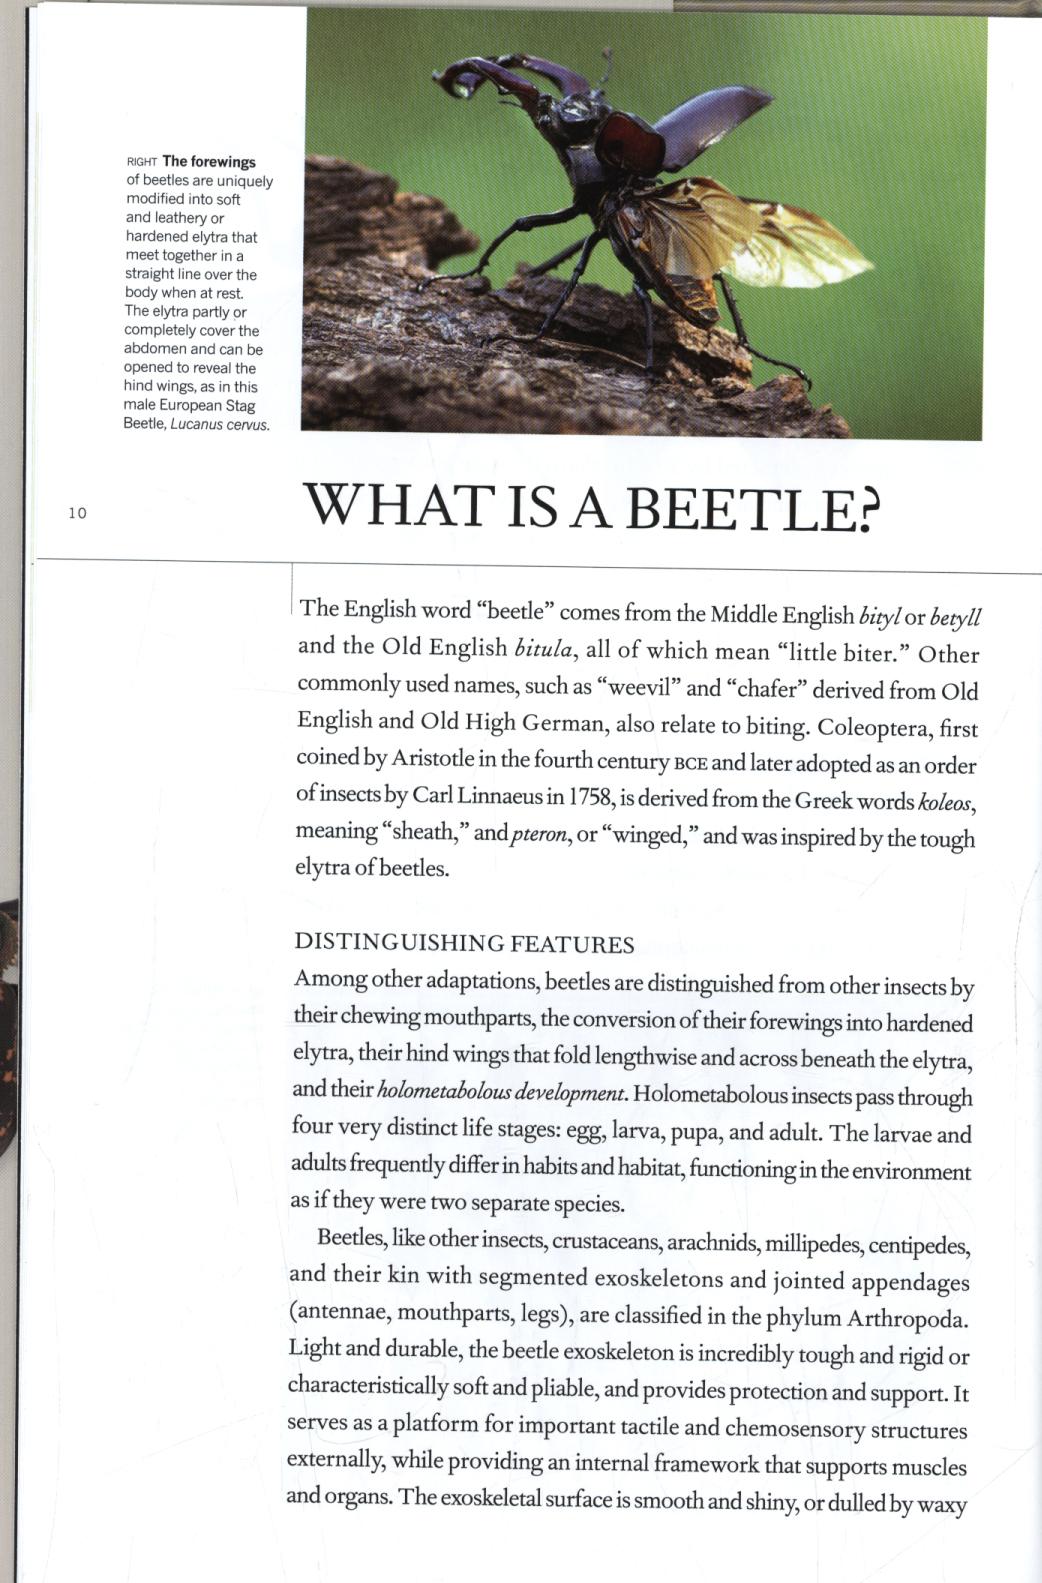 Book of Beetles
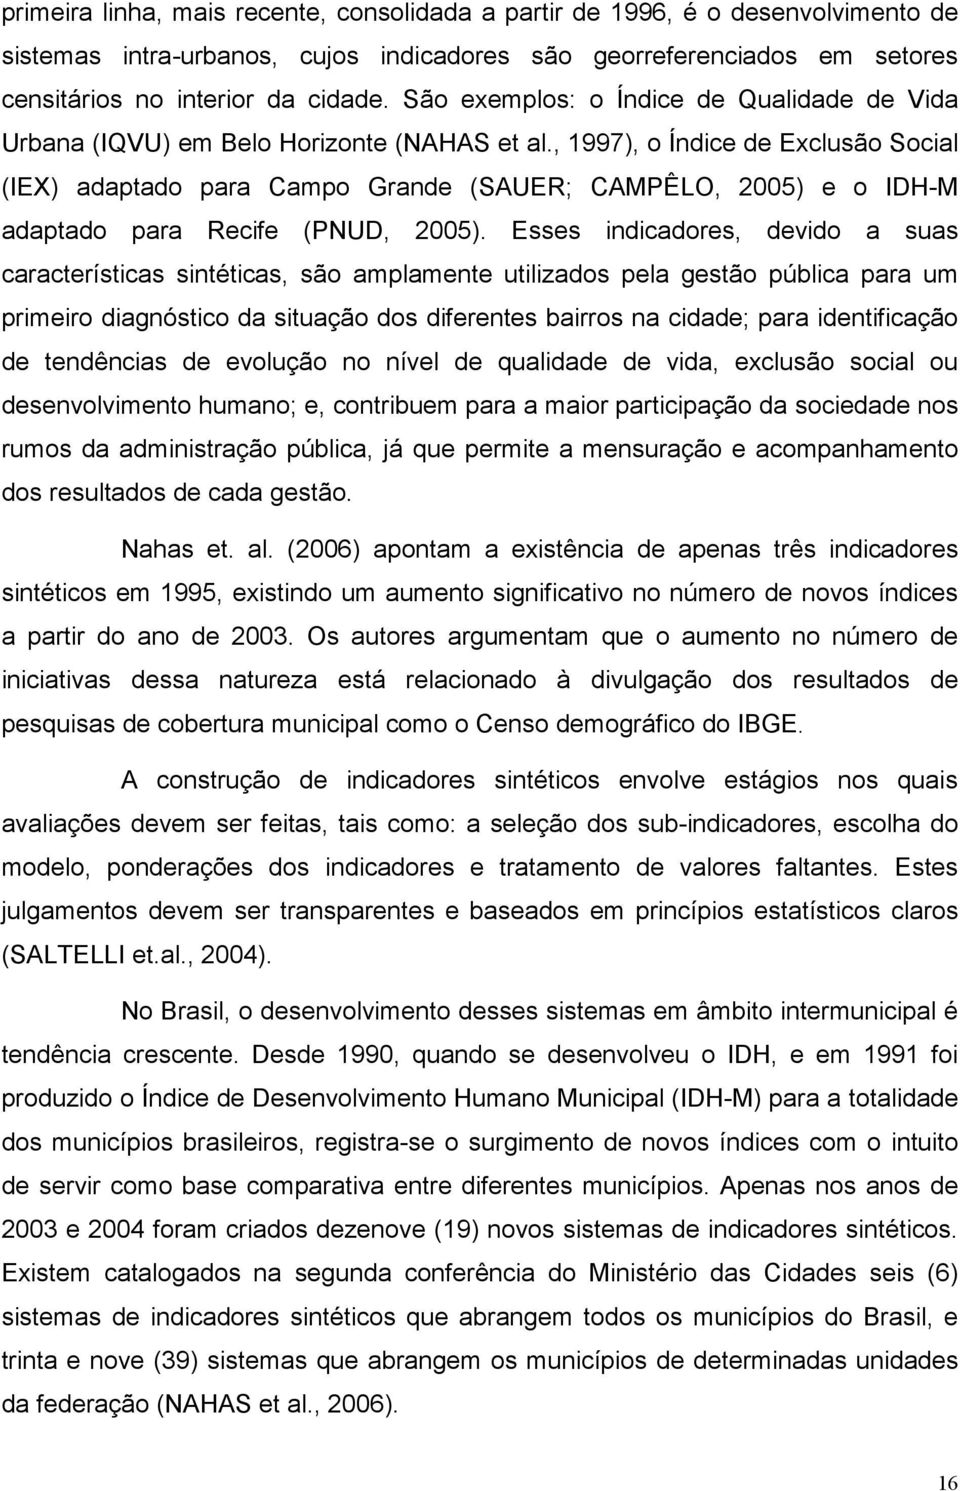 , 1997), o Índice de Exclusão Social (IEX) adaptado para Campo Grande (SAUER; CAMPÊLO, 2005) e o IDH-M adaptado para Recife (PNUD, 2005).
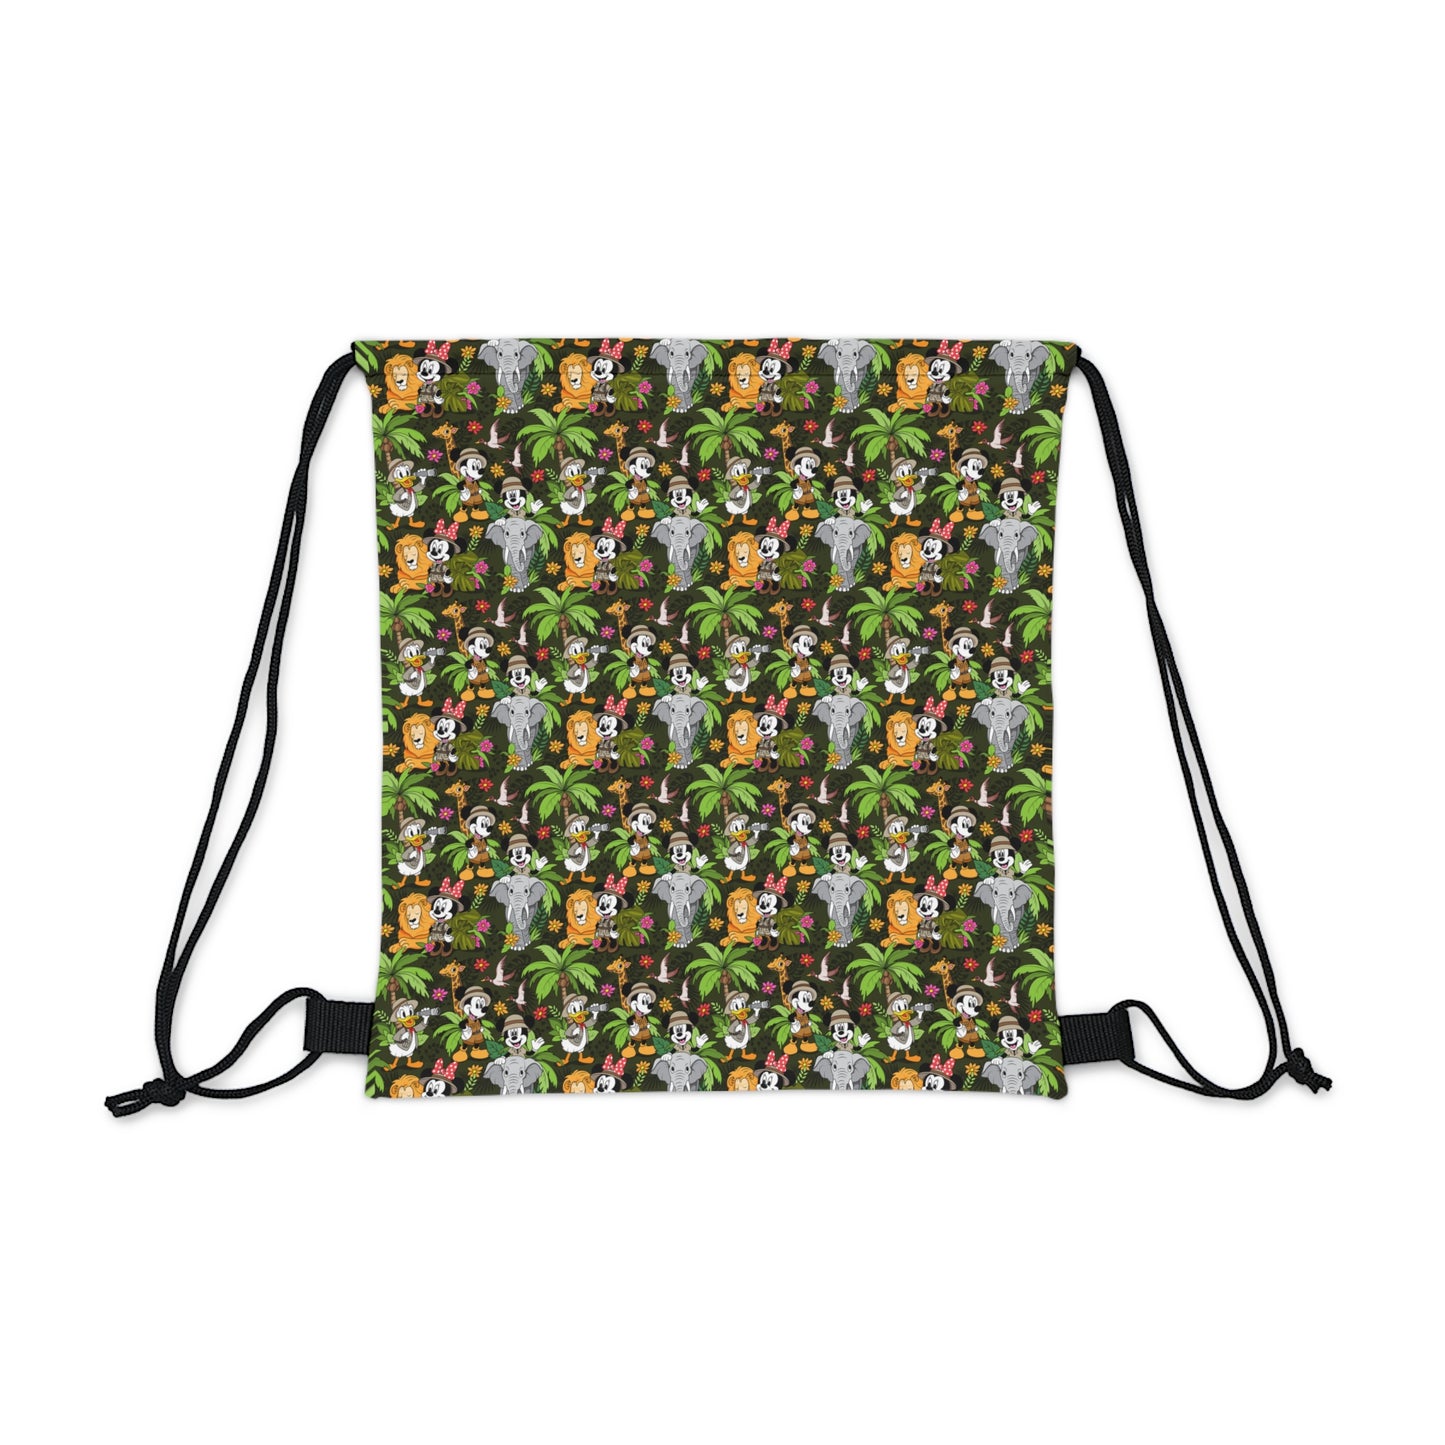 Safari Drawstring Bag

**ASSIGNED TASK:**
Your reply should give again exactly the lines from the one with "Recife (PNUD, 2005)." through the last line of the data, with both ends included and pictures left out.

**ANSWER SPACE:**
 , 1997), o Índice de Exclusão Social (IEX) adaptado para Campo Grande (SAUER; CAMPÊLO, 2005) e o IDH-M adaptado para Recife (PNUD, 2005).
 Safari Drawstring Bag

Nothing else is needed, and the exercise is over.